The EU now wields two financial levers over judicial independence: punitive penalties and conditional funds. Comparing the CJEU's EUR 1 million daily penalty on Poland with the roughly EUR 10 billion released to Hungary after its 2023 judicial reform, Factrail asks whether money compels durable independence or merely temporary compliance, and reaches a deliberately hedged verdict.
When the European Union wants a member state to respect judicial independence, it increasingly reaches for money. Two cases bracket the experiment. In one, the EU charged a country for non-compliance; in the other, it paid a country for compliance. Comparing them is the cleanest way to ask whether financial leverage actually strengthens courts, or just buys reforms that look good on paper.

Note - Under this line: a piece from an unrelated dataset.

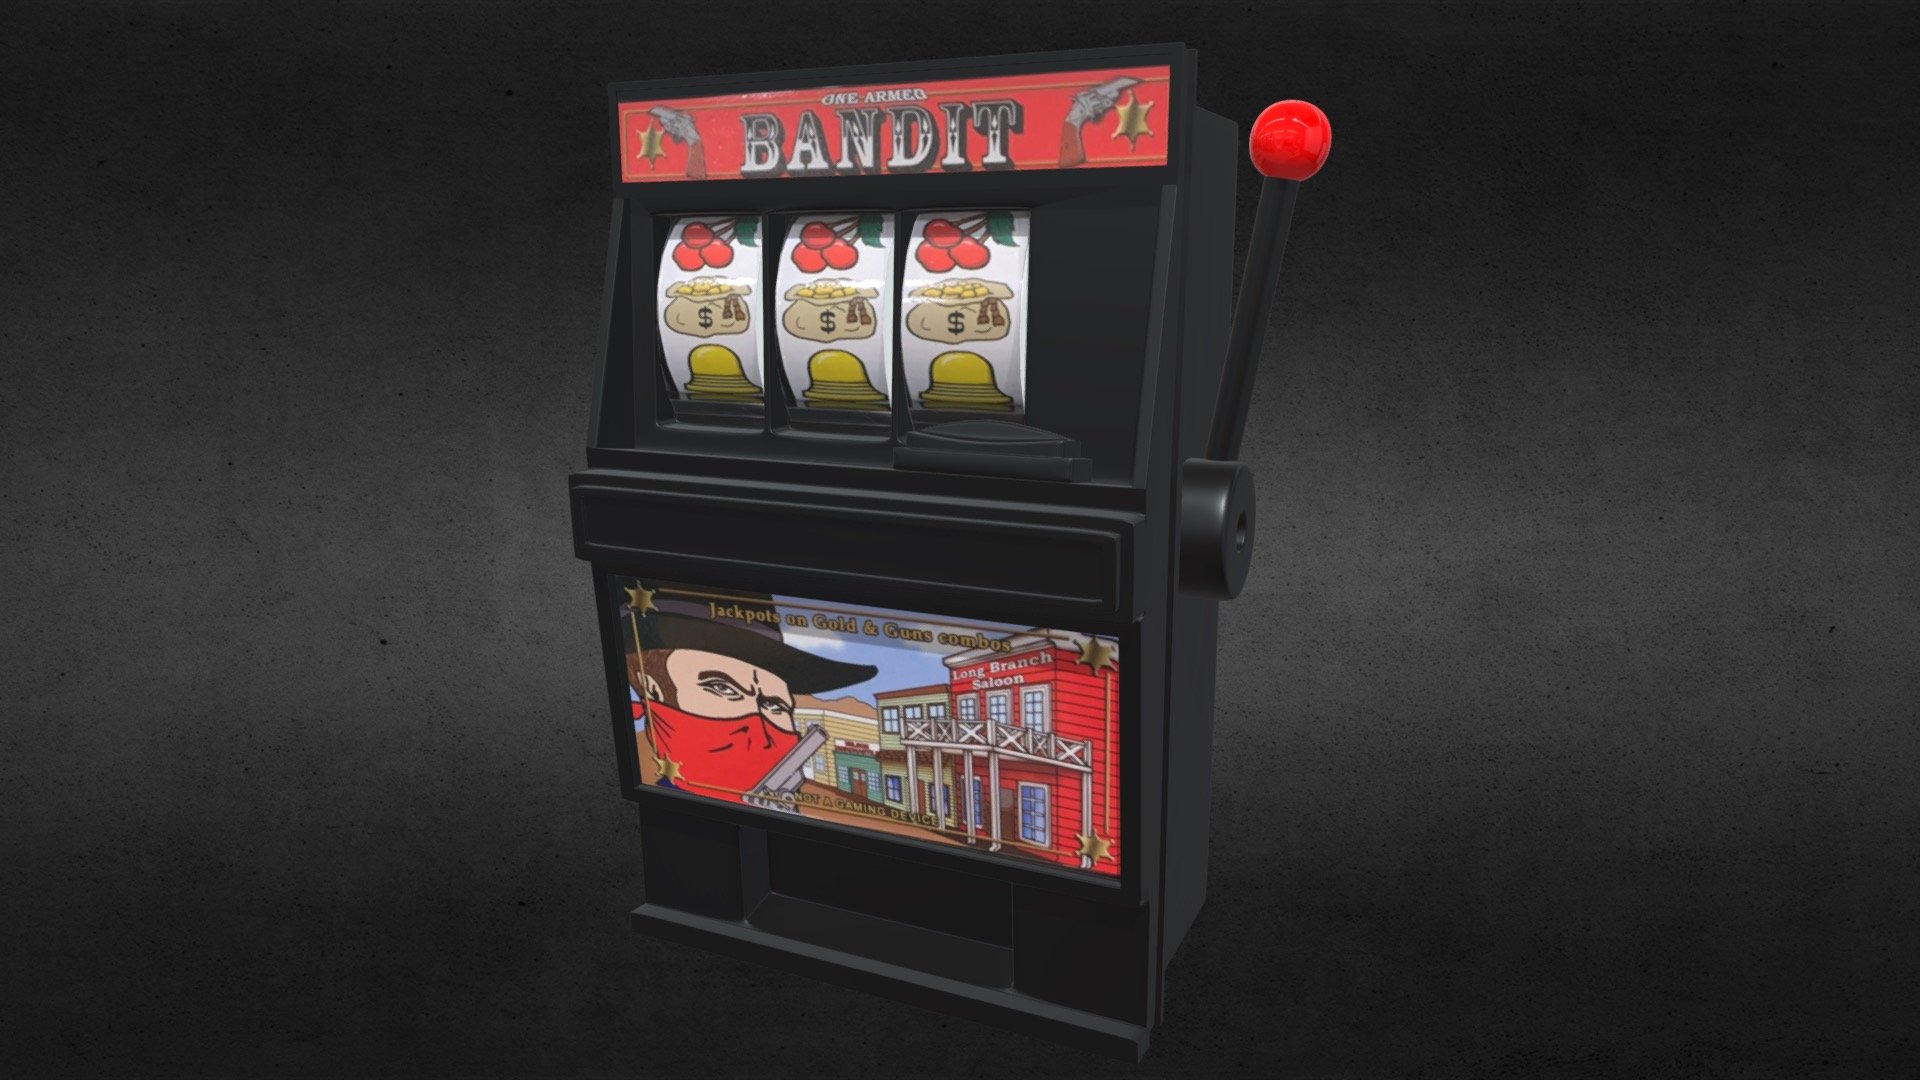 This is a Slot Machine that I will be working on for this month. I modeled it in Maya and will be bringing it into Substance Painter for texturing 3d model

On 27 October 2021 the Court of Justice of the European Union ordered Poland to pay EUR 1 million per day for refusing to suspend its Supreme Court Disciplinary Chamber, which the Court found lacked independence (CJEU daily penalty, 2021). That is the punitive lever: a price for defiance. The conditional lever appeared two years later. On 13 December 2023 the European Commission found that Hungary's May 2023 judicial reform package addressed deficiencies in judicial independence, unlocking roughly EUR 10.2 billion in cohesion funds while about EUR 21 billion stayed locked under separate conditionality (Hungary funds release, 2023).
In the Factrail graph both events load onto the same continuing driver, supranational accountability pressure. The penalty strengthened that driver sharply; the conditional release demonstrated a new lever tying money to reform. Both, in turn, are expected to weaken judicial independence erosion and, with a lag of roughly 18 months, lift the V-Dem judicial constraints on the executive index and the WJP Rule of Law Index. The crucial caveat the model encodes is that the effect on the welfare indicators is partial and lagged, not automatic.
The two financial events are well documented. The CJEU penalty is on the public record and was reported as among the largest ever imposed on a member state. The Hungary fund decision is set out in a Commission press release with the specific figures. What is genuinely contested is durability. Factrail marks the Hungary fact needs_review for a reason: civil-society monitors warned of subsequent regression after the funds flowed, and the Commission's positive assessment was itself criticised as premature. The dossier therefore does not let us claim that conditionality produced durable independence in Hungary; it lets us claim only that it produced a reform package the Commission accepted at the time.
That asymmetry between the two cases is the heart of the matter. The Polish penalty pressured the dismantling of a specific captured body, with reform momentum later carried by a change of government. The Hungarian release rewarded a statutory package whose staying power, by the dossier's own framing, is open to question.
There are at least two competing readings. One holds that money works: faced with daily fines or frozen billions, governments change the rules they would otherwise defend. The other holds that money buys compliance theatre: states pass the minimum reform needed to release funds, then let independence erode once the cash is secured, which is the pattern monitors flagged for Hungary. Both readings fit some of the evidence, which is precisely why a confident verdict would overreach. The most defensible interpretation is that financial leverage is necessary but not sufficient: it can force a reform onto the books, but durable independence depends on domestic enforcement that money alone cannot guarantee.
If conditionality only buys cosmetic change, the welfare indicators should show little lasting lift even where reforms were nominally adopted; if it compels real change, the V-Dem and WJP measures should rise modestly with a substantial lag. Factrail's forecast for this domain leans toward a small, slow, partial improvement rather than a decisive gain, conditional on whether reforms survive after funds are released. The comparison rests on the CJEU penalty reporting, the Commission's December 2023 Hungary decision and press release, and the prior 2022 conditionality recommendation, all cited in the dossier. The bottom line is intentionally cautious: money is now a real rule-of-law enforcer, but the evidence here cannot show it delivers durable independence on its own.
On 27 October 2021 the CJEU imposed a EUR 1 million per day penalty on Poland for not suspending its Supreme Court Disciplinary Chamber.
On 13 December 2023 the European Commission found Hungary's judicial reform addressed independence deficiencies, unlocking about EUR 10.2 billion while around EUR 21 billion stayed locked.
Factrail treats both the penalty and the conditional funds release as strengthening supranational accountability pressure, which is expected to lift judicial-constraint indicators with a substantial lag.
Whether conditionality produced durable judicial independence in Hungary is contested, with monitors warning of regression after funds were released.
Financial leverage appears necessary but not sufficient: it can force a reform onto the books, but durable independence depends on domestic enforcement money alone cannot guarantee.